News information aggregation method based on data mining and deep learning

Technical Field

The invention relates to the technical field of natural language processing, in particular to a news information aggregation and abstract generation and comment summarization method.

Background

Under the internet era, the daily information data volume shows explosive growth, and news is one of the main ways for people to acquire information in life. Different from the traditional paper news, the network news has wide spread, large audience and quick update, and the operation cost is far lower than that of the traditional mode, so the network news is generally accepted by the society. For readers, the cost for reading the online news is low, the content is rich, the time is saved, and the readers can select the content which interests the readers to read, and the method is not limited to the fixed content provided by the traditional newspaper. In addition, almost all news sites provide a platform for the reader to speak and discuss, where the reader is free to express his or her own opinion.

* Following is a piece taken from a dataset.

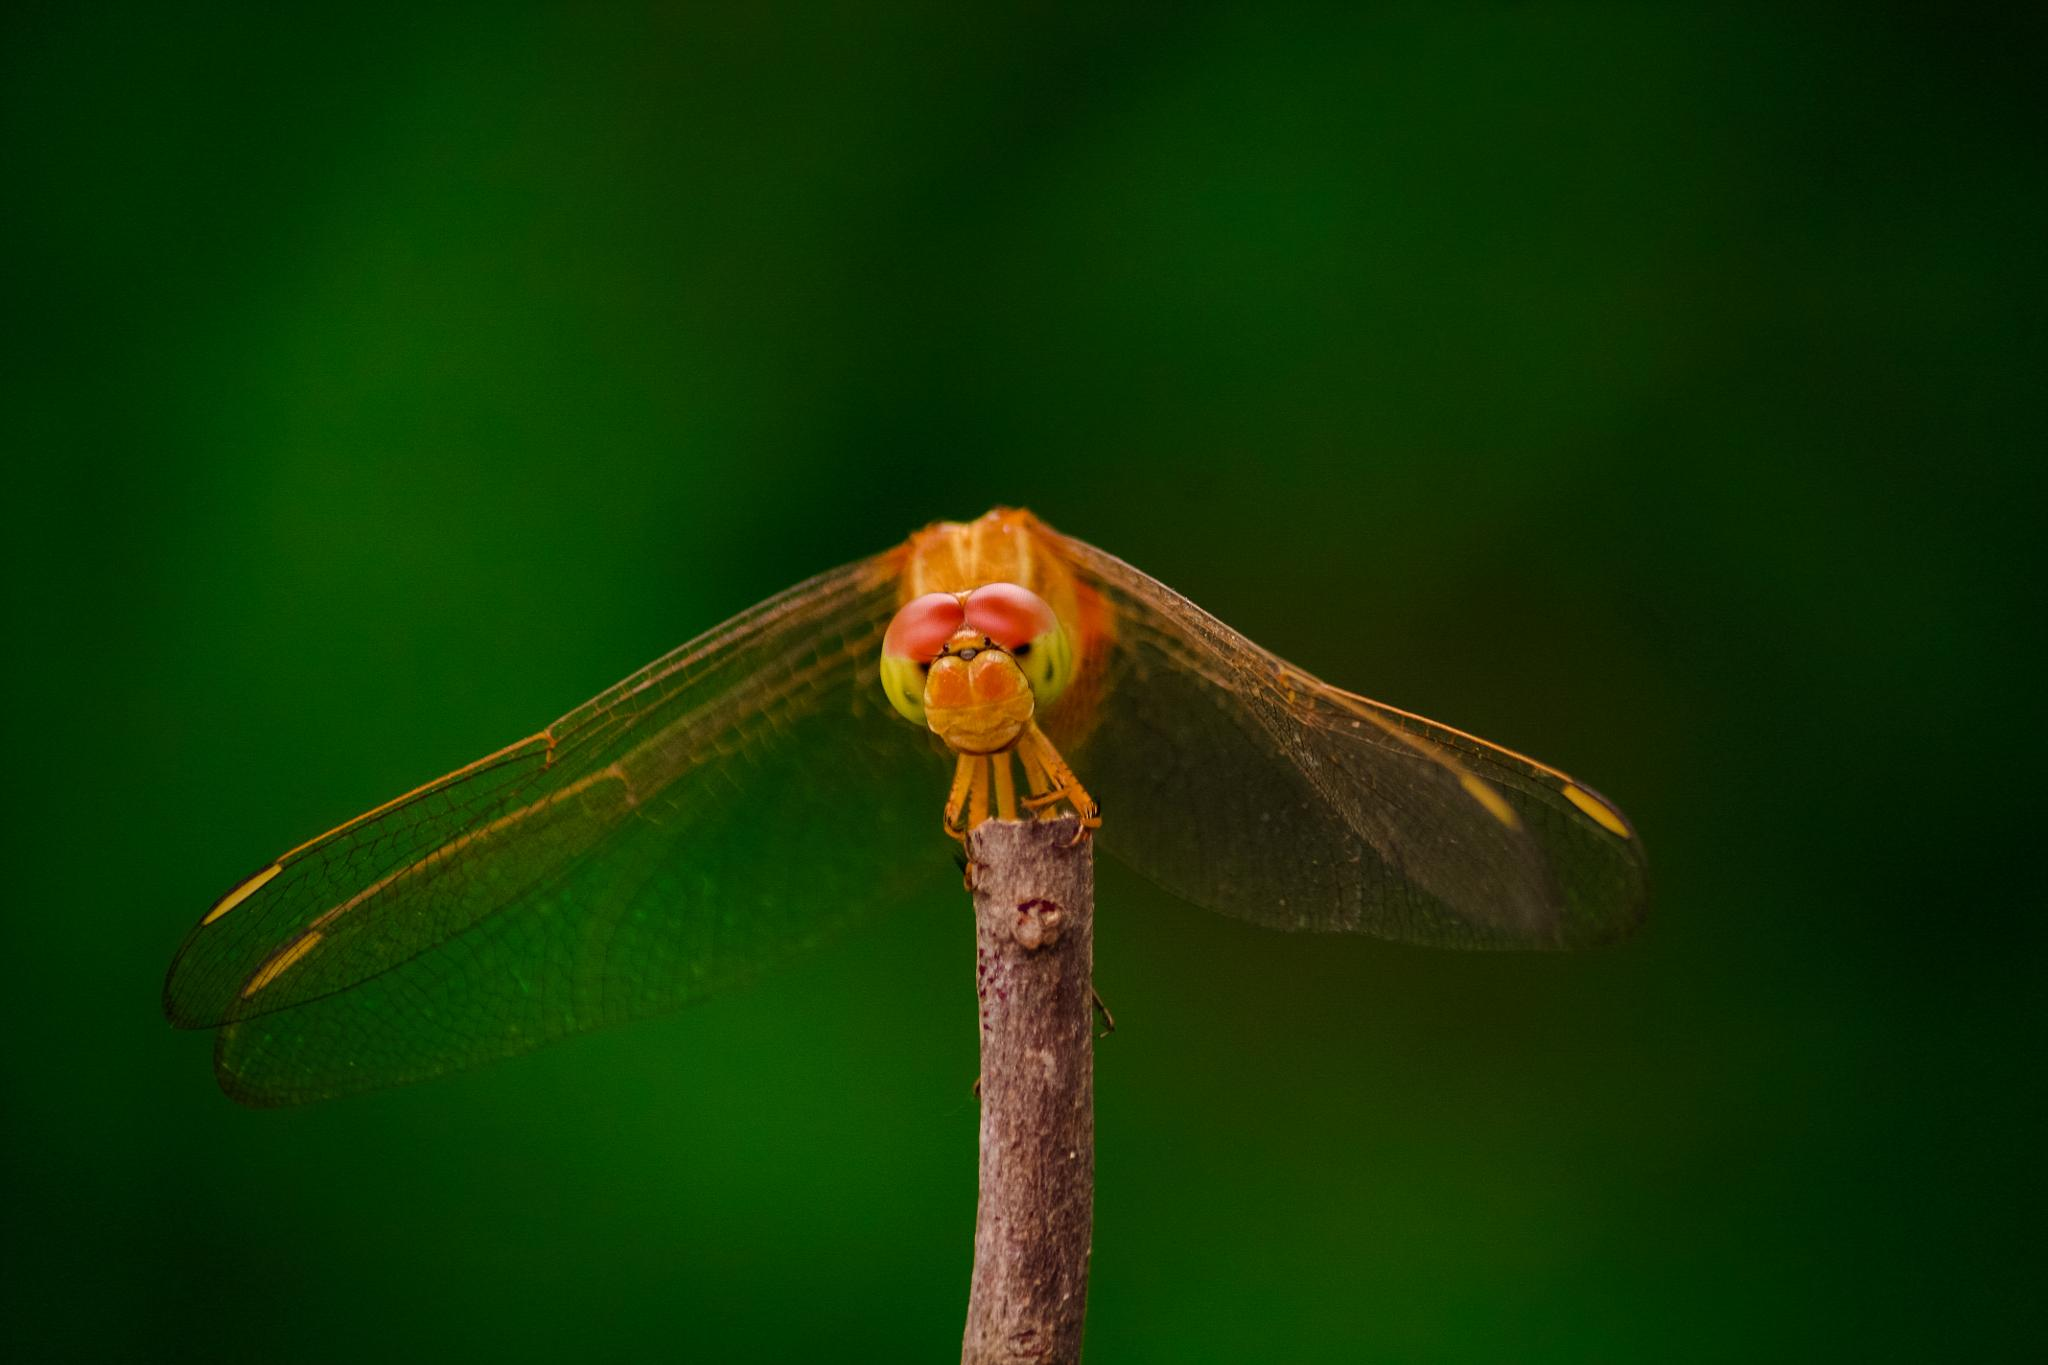 dragonfly by skamin

Meanwhile, for some popular events, the main comment content of readers can reflect the direction of public opinion, and a group of companies for analyzing network public opinion information are also emerged. Popular news and reviews are also the contents most readers prefer to read.

Meanwhile, news platforms are numerous, the quality of contents is uneven, problems are brought to readers, news describing the same contents are scattered on different platforms, the expression forms are different, and the reading effect of the readers is not well influenced by the inconsistency of operation of the platforms. Therefore, how to find useful information from news platforms with inconsistent contents in multiple forms and generate abstracts of the useful information to summarize reader comments, so that readers can efficiently read the useful information is a problem to be solved.

In the existing text similarity identification method, the text similarity is usually represented by directly according to the included angle value of the feature weight vector, although the system works well under most conditions, the method lacks effective processing on synonyms; in addition, the conventional collection system adopts a similar extraction method for news content abstract and reader comments to extract key content for display, the method is good in syntactic aspect, and the reader comments are excellent in performance due to short and refined reasons, but the extraction quality and the content fluency of the whole literary are poor in humanity, and no clear writing logic exists.

Disclosure of Invention

The invention aims to overcome the defects and shortcomings of the prior art, provides a news information aggregation method based on data mining and deep learning, improves a characteristic weight vector corner clipping method by combining a synonym forest method, generates an abstract for news contents by adopting a deep learning method, and summarizes comments by adopting a decimation method.

The purpose of the invention is realized by the following technical scheme: a news information aggregation method based on data mining and deep learning comprises the following steps:

1. adopting a crawler frame to perform data crawling on news and comments of a specified website platform;

2. classifying all news, and classifying the contents of each news by combining a vector space model, a cos similarity value, a TF-IDF algorithm and a synonym forest method;

3. generating an article abstract, and generating a text abstract by adopting a deep neural network structure;

4. and summarizing the comments corresponding to the news, preprocessing the comment text, and directly extracting key comments by adopting a TF-IDF algorithm to summarize the text.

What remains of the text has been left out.